Scrolling Text on an LED Matrix
Works with
Any CircuitPython board with I2C
Sixty-four LEDs arranged in an 8x8 grid, controlled over two wires. The HT16K33 LED matrix breakout is one of the most satisfying beginner display projects because the output is big, bright, and immediately visible across a room. In this project you will scroll a message across the matrix and light individual pixels on demand.
What you'll build
A program that initializes an HT16K33 8x8 LED matrix, displays a static pixel pattern, then scrolls a text message across the screen in a continuous loop.
What you'll need
- A CircuitPython board with I2C pins
- Adafruit HT16K33 8x8 LED matrix backpack breakout
- Four jumper wires
- Breadboard
Wiring
The HT16K33 matrix uses I2C — the same two-wire bus as the SSD1306 OLED.
graph LR
subgraph Board
SDA
SCL
P3V["3.3V"]
GND
end
subgraph Matrix["HT16K33 Matrix"]
M_SDA["SDA"]
M_SCL["SCL"]
M_VCC["VCC"]
M_GND["GND"]
end
SDA --> M_SDA
SCL --> M_SCL
P3V --> M_VCC
GND --> M_GNDThe I2C address defaults to 0x70. If you have multiple HT16K33 devices on the same bus, use the A0/A1/A2 solder jumpers on the backpack to change the address.
The code
import board
import busio
import time
from adafruit_ht16k33 import matrix
# Initialize I2C and the matrix
i2c = busio.I2C(board.SCL, board.SDA)
display = matrix.Matrix8x8(i2c)
# Set brightness (0.0 to 1.0)
display.brightness = 0.5
# Light individual pixels: matrix[col, row] = 1 (on) or 0 (off)

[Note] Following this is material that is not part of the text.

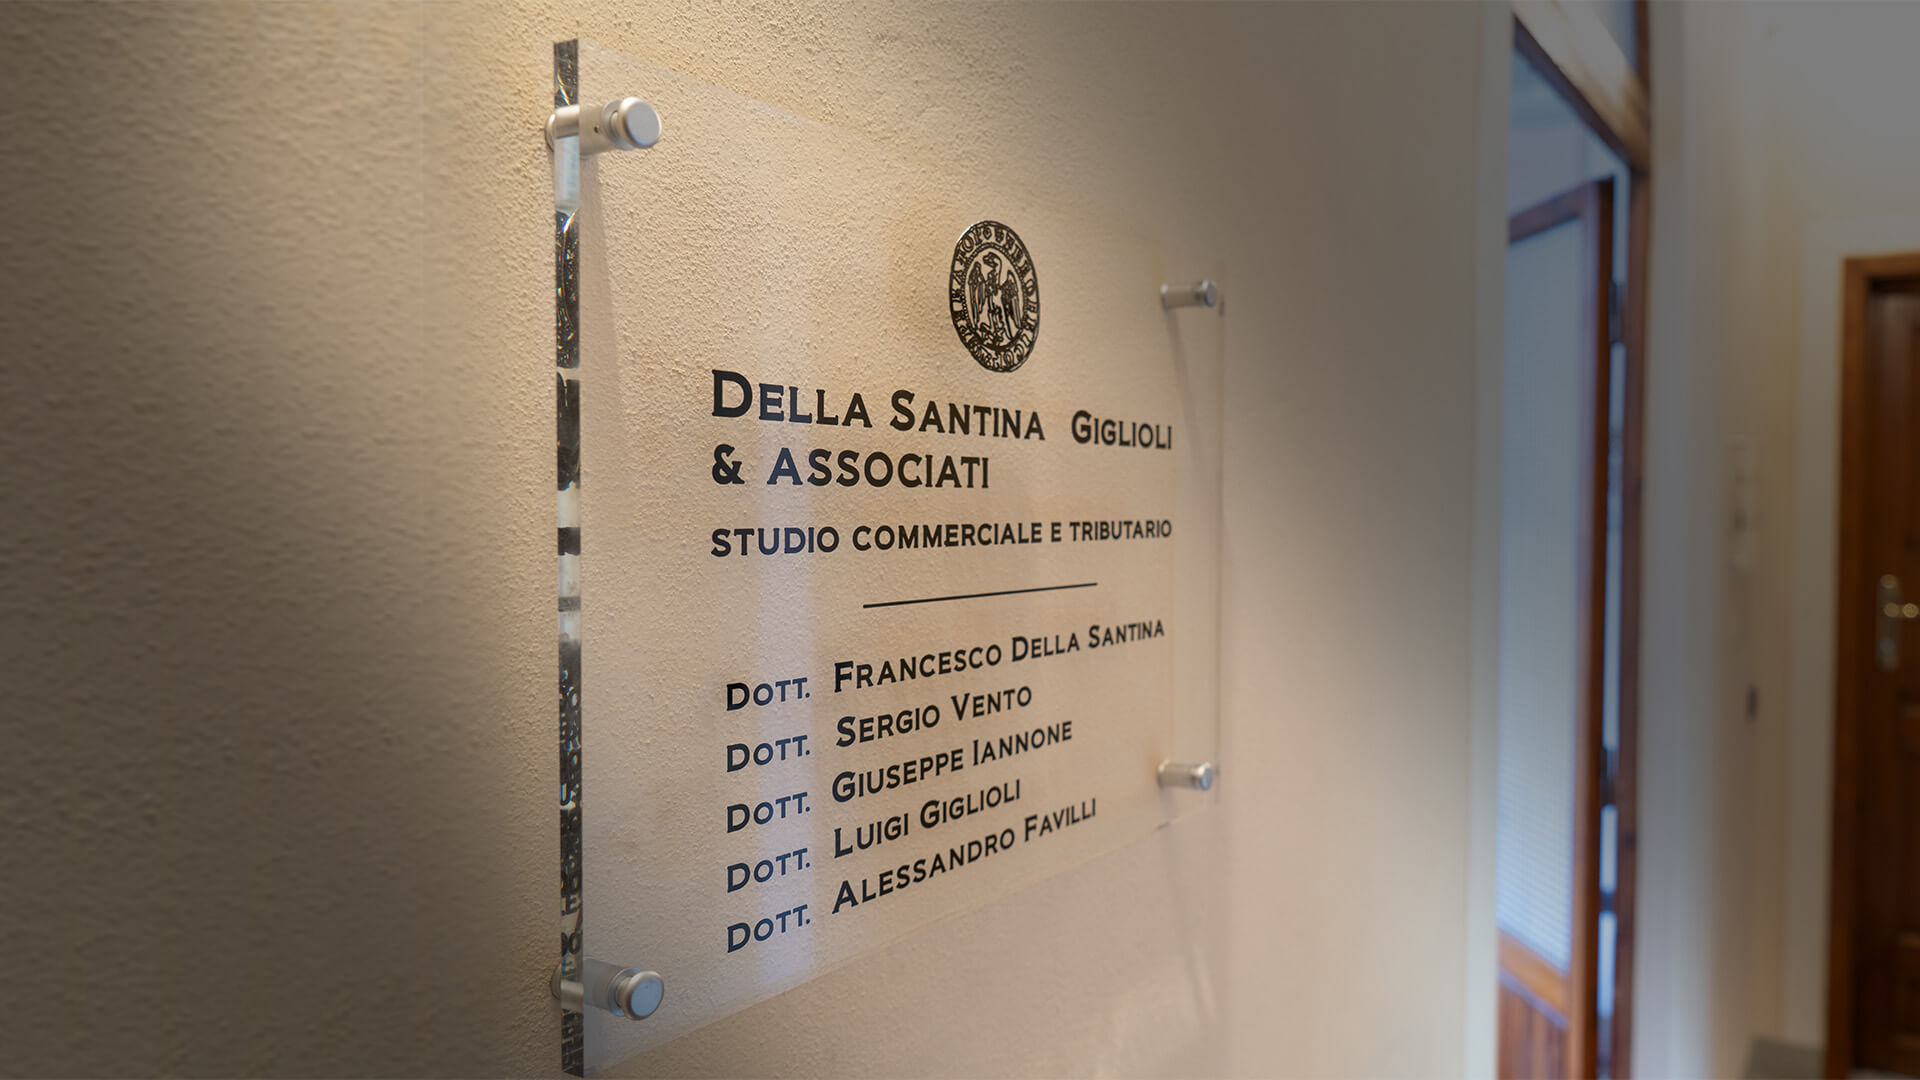 Studio Della Santina Giglioli & Associati
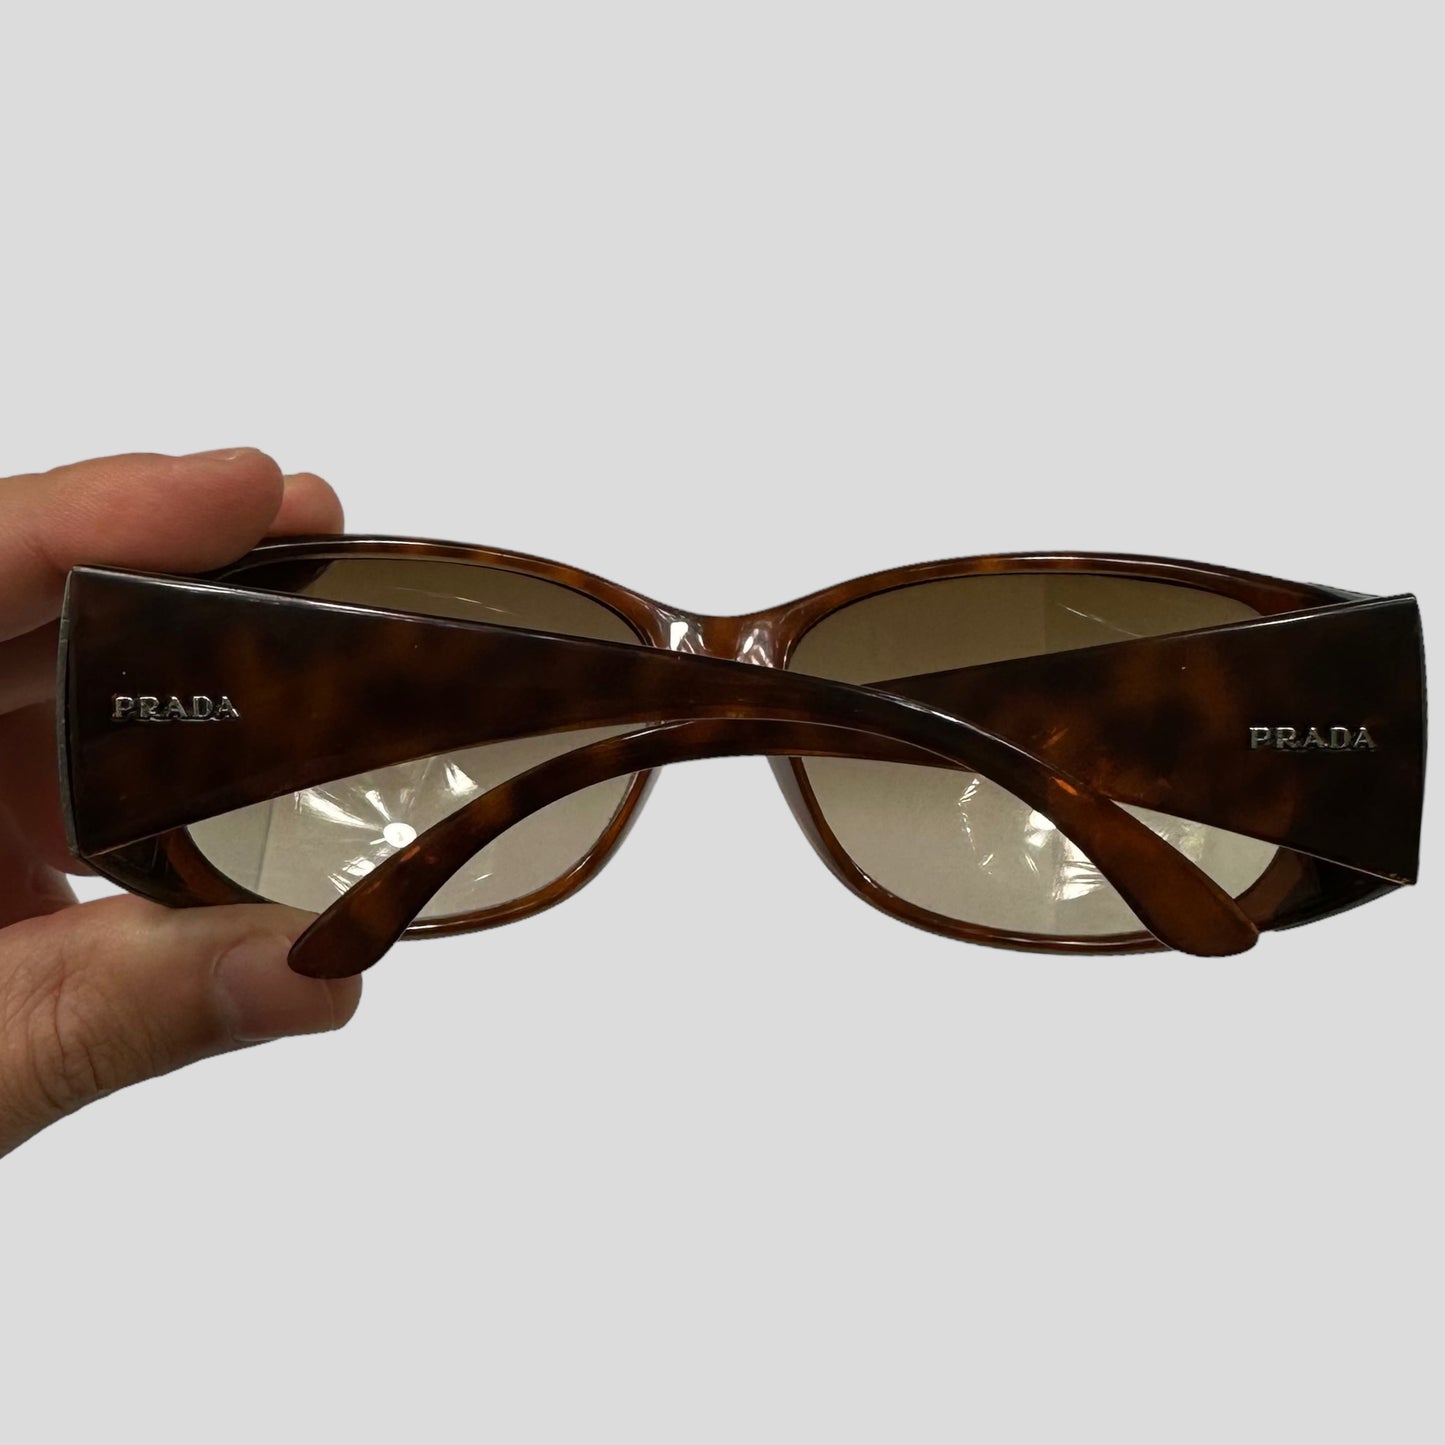 Prada Milano Tortoiseshell Wraparound Sunglasses

display.fill(0) # Clear all pixels
display[0, 0] = 1 # Top-left corner
display[7, 7] = 1 # Bottom-right corner
display[3, 3] = 1 # Center-ish
time.sleep(2)
# Scroll a message across the display
message = "HELLO WORLD "
while True:
for char in message:
display.set_text(char)
time.sleep(0.15)
For a true scrolling effect with pixel-level control, the adafruit_ht16k33 library provides a scroll method and bitmap-level access. See the library documentation linked below for advanced usage.
How it works
How the HT16K33 drives 64 LEDs with just 2 wires. An 8x8 matrix has 64 individual LEDs. Controlling them each with a separate wire would require a board with 64 output pins — not practical. The HT16K33 is a dedicated LED driver chip that handles all the multiplexing internally. Your board sends compact I2C commands telling the chip which LEDs to turn on or off, and the chip handles the continuous refresh cycle that keeps them lit. The result is 64 LEDs controlled with just SDA, SCL, VCC, and GND.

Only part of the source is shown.